That's what this forums here for,  welcome aboard!!!!!! Seriously If you keep doing what your doing, you're gonna get results. Thier is so much damn info on this site you can only get better. If you feel down, tell us, we'll pick you up and put back on the right track!! As for everyone else????? That's there problem.We live in a society(here in the UK too) where the ones who want to improve themselves are ridiculed. Stop and think about that!!!! WTF you now. Me? It's my mission in life to help people improve, to hepl them realise there dreams. Its not about sticking 2 fingers at the doubters, its about taking that warm feeling you get insidewhen you can cross another goal off the list b/c you achieved it. That feeling is called satisfaction and that my friend leads to happiness. And the happy man is the wealthiest man on the planet!! That my friend can be you. You want it just go out and get it, it's there for the taking!!!!


----------



## Tha Don (Dec 6, 2004)

man I HATE that too!

I was working at a theme park over the summer and my shift was usually 9-6, we got one lunch break at about 12-1ish and that was it! so we are expected to go like 5-6 hours with no food! but hey we got free fizzy drinks on shifts! great! NOT.

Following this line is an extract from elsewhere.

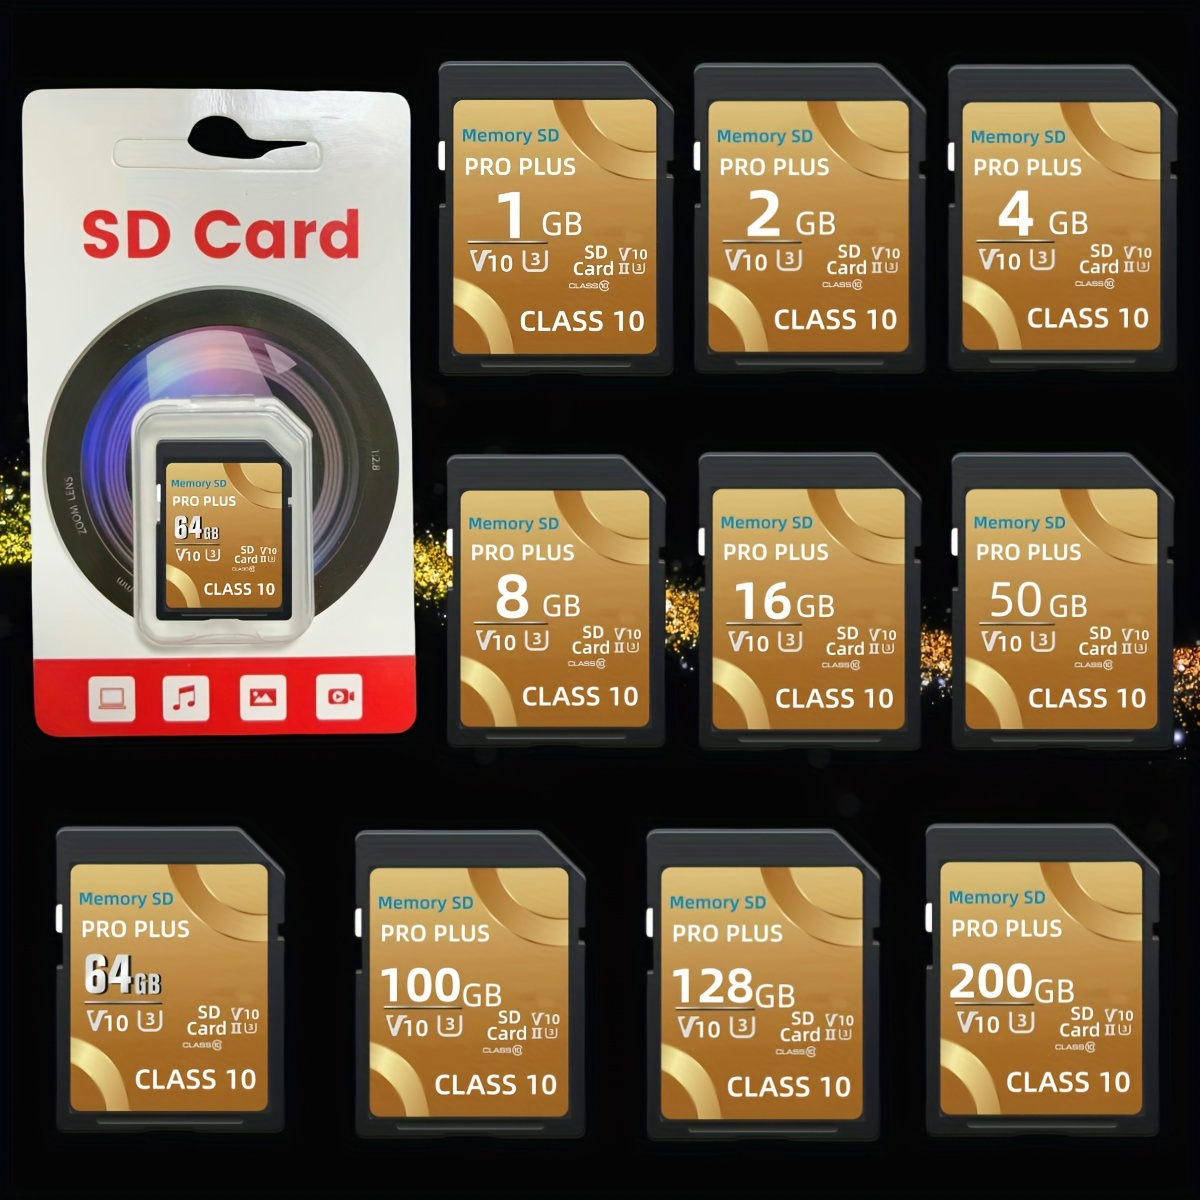 

64gb Sd Plus Memory Card High Speed Memory Card Classe 10 3d 4k V30 Video High Speed Capacity Uhs-i Sd Card For Camera

anyway I asked 2 different managers if I could take a quick afternoon break for 10 mins just to munch down a couple of tuna sandwiches, both of em said no, so I was forced to eat on shift which was pretty dodgey as if I'd been caught i'd have got the boot but everyone I worked with was tight (they would steal candy n' shit) so we all had each others backs, but I was still mad that they wouldn't give me a break so I could have a quick bite to eat!

No one in my country (the UK) understands what its like to eat big... my friend the other day told me he was eating lots... yeah he told me how he was having a cooked lunch instead of a cold 1! 3 cooked meals a day! that is a BIG diet for the average Brit! and my dad is the worst, I was staying at his the other day and at about 5 I asked if I could cook up some chicken (that I'd bought from Uni with me!!) on some toast and a bowl of oats (had to comprimise as I can't cook at my dads house - hes one strict mofucka!) and hes all like.. 'are you sure you'll have enough room for your dinner' lol.... come dinner time i eat ALL my plate, then I eat half of my little sisters plate AND half of my oldest sisters plate! (I literally had double what he had), so that shut him up a bit, hopefully that will be the last time he stresses me because i'm trying to hit my 6 meals a day, its such a hassle!

peace


----------



## simbh (Dec 6, 2004)

Ya , I get that all the time too ... No worries . By boss is about 50 years old and overweight and hes like , youre always eating. I say , yep I know . Thats it , I dont mind it much. Its funny though , he asked me , why the hell can you be eating soo much and be so thin and Im eating a meal a day and I have a keg. I explained to him a bit , but he was more confused than anything , so I just let it there. He still eats his pizza once or twice a day and smokes like crazy ... I smell a heath attack.

Dont worry about it , just eat and take it as a compliment . You know that if they are telling you "youre eating again " that you are on the right track  Let them eat 2 or 3 times a day and gulp down those donuts .


----------



## aztecwolf (Dec 6, 2004)

bhunter said:
			
		

> I am really liking this forum reading it so far but I am looking for some advice.
> 
> I eat probably 5-6 times a day (small meals) in a keto lifestyle. I have lost nearly 70 lbs doing this (lost tremendous bodyfat) and I am currently bulking up a bit wieghttraining (see avatar)
> 
> ...



take it with a grain of salt, and another chicken breast


----------



## QuestionGuy (Dec 6, 2004)

wait a minute didnt we just talk about this stuff?????????????   go look up a thread that says " I found this great new diet"  you are not the only one with this "stupid people" problem.....


----------



## DimebagDarrell (Dec 6, 2004)

just kick their asses!  my roommates make fun of me for eating 5000 calories a day but now that i can kick the crap outta them...


----------



## camarosuper6 (Dec 6, 2004)

My advice is WHOOOOO CARES what they think. Its your life. Take pride and tell them to kiss your healthy ass.


----------



## CowPimp (Dec 6, 2004)

Believe me, I get the same shit all the time.  I just say something like, "Do I look fat?  Okay then..."  Sometimes it leads me into a diatribe about nutrition.  That's always a good way to scare people off.  No one wants to hear what it actually takes to lose weight in a healthy way.  They'll shutup if you get technical with them.


----------



## WilliamB (Dec 6, 2004)

Yea I love eating 5 meals a day.  I used to feel hungry somtimes, now NEVER!  I feel healthier too.  Even if I am consuming twice as many calories its just turning into LBM.  As for eating at work I sneak off several times a day to throw down some food and people still comment on the food I eat during our given breaks.  Little do they know its my third meal since I got there mu hahaha


----------